Table 2: Macro indicators – U.S.

Source: Refinitiv Datastream, Credit Capital Advisory

It’s the bond market, stupid

Of central importance in assessing whether the Wicksellian Differential might fall, indicating a decline in capital values, is whether the cost of funding will rise faster than profits. The current 5 year moving average cost of funding is now at 3.72%, which will require the return on invested capital to break 11% this year to maintain upward pressure on capital values.

The BBB 5 year yield has widened along with the government benchmark, however the spread between the two remains just below the historic average of around 2%. This does not indicate a serious deterioration in credit quality. In addition, the 10 to 2 year government spread has not inverted either, so the bond market is not signalling Armageddon. However, should BBB yields continue at current levels, then it may well require a much faster rate of profit growth than is currently observable to maintain growth in the Wicksellian Differential.

Chart 2: U.S. bond market indicators

Peaking yields?

Other macro data suggests there is less upward pressure on yields due to less inflationary pressure.

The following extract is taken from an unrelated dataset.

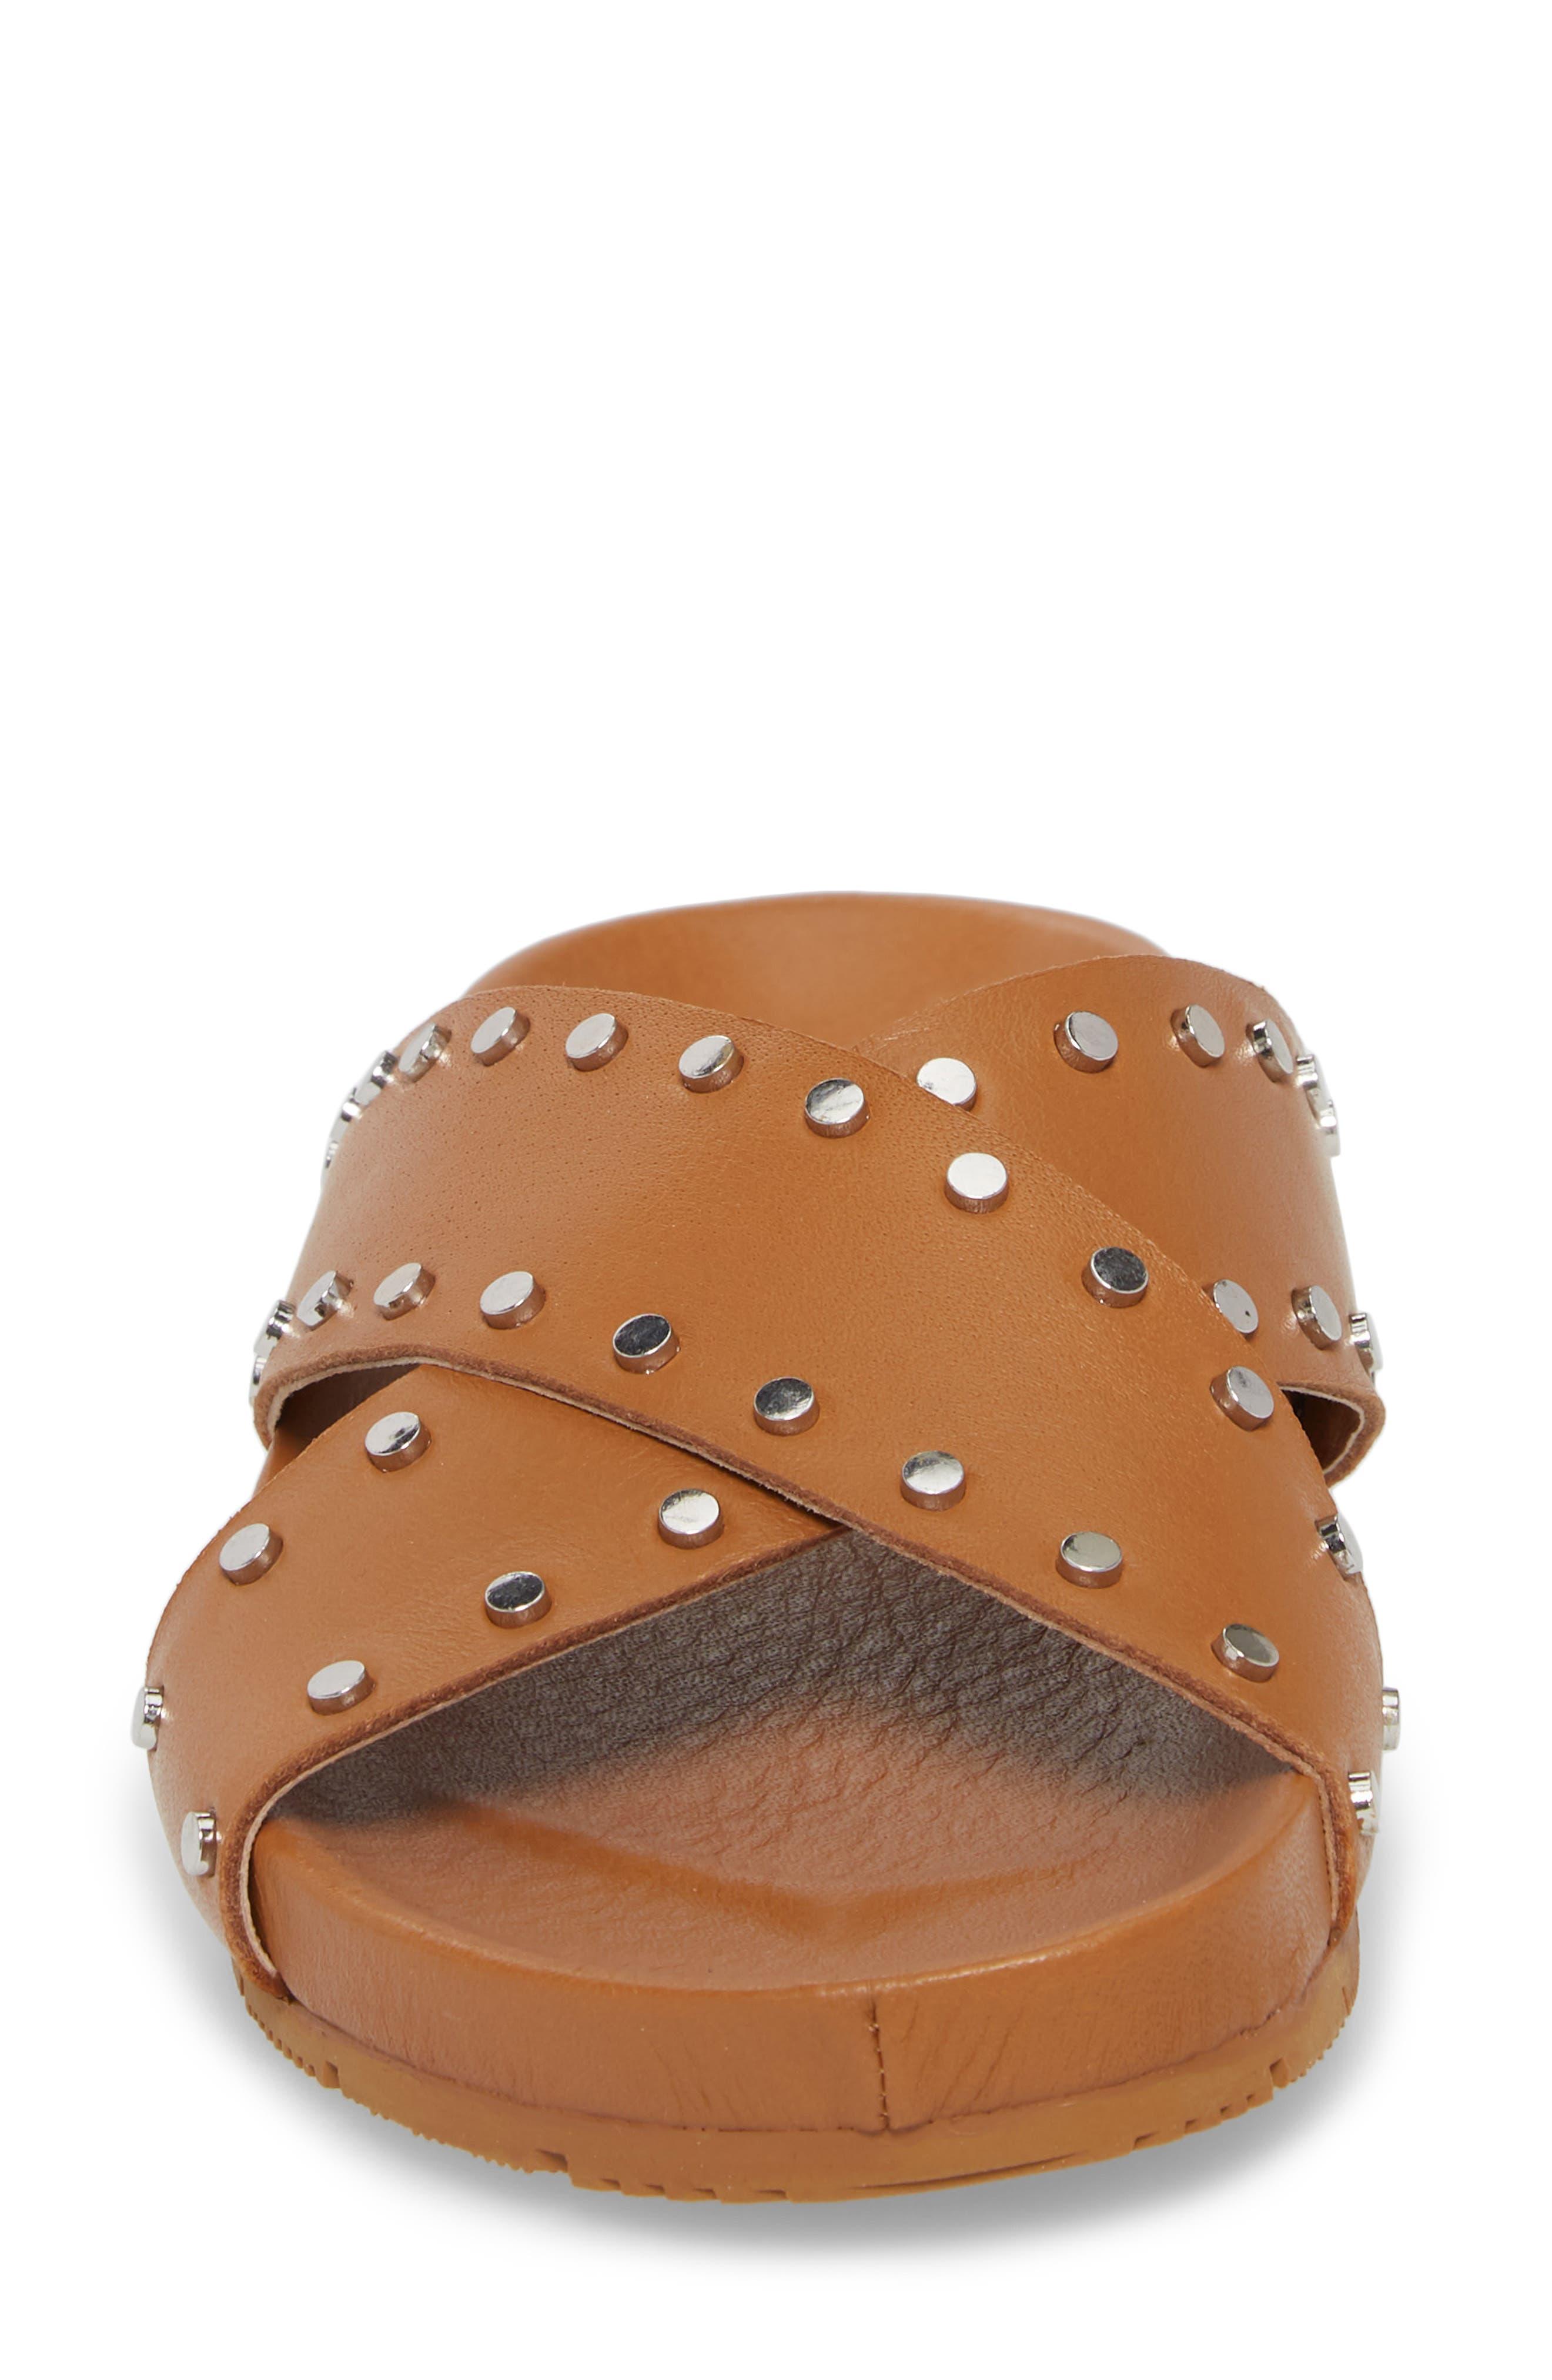 Ellie Studded Slide Sandal,                             Alternate thumbnail 4, color,                             Tan Leather

Despite the ongoing disruption to global trade, which has led to some rejigging of global supply chains, U.S. trade openness remains close to all-time highs. Furthermore, although recent nominal wage growth has ticked up slightly, real wage growth remains sluggish.

Chart 3: U.S. Labor Market Indicators & Trade Openness

In addition, the recent fall in the price of oil has also begun to depress inflation expectations. This is likely to at least cause the Fed to question the need to raise short term interest rates in the immediate future. It has been argued that the recent fall in the price of oil is due to a negative aggregate demand shock. But for this to be true, it would also need to be true that a positive demand shock was the reason why oil prices rose from $70 a barrel to $85 a barrel between August and October. Technical factors are more likely to be the reason for such short-term market moves, and the current difference between $70 and $60 does not suggest a clear aggregate demand shock.

Chart 4: Brent oil vs U.S. 5Y inflation expectations

We are all biased now

There is not much data that indicates that the market is about to crash or to soar to new levels. Markets can go sideways as well as up and down. But if BBB bond yields remain at their current levels, then we are likely to see a decline in the Wicksellian Differential unless profit growth accelerates, which seems unlikely given the decline in leverage activity.

Finally, why do I place so much emphasis on the bond market? As a macro-credit strategist, it would be odd if I didn’t. Eliminating all bias is impossible. But it strikes me that the bond market provides a much better anchor point for investment than the stories that happen to support our world view.

Thomas Aubrey is the founder of Credit Capital Advisory.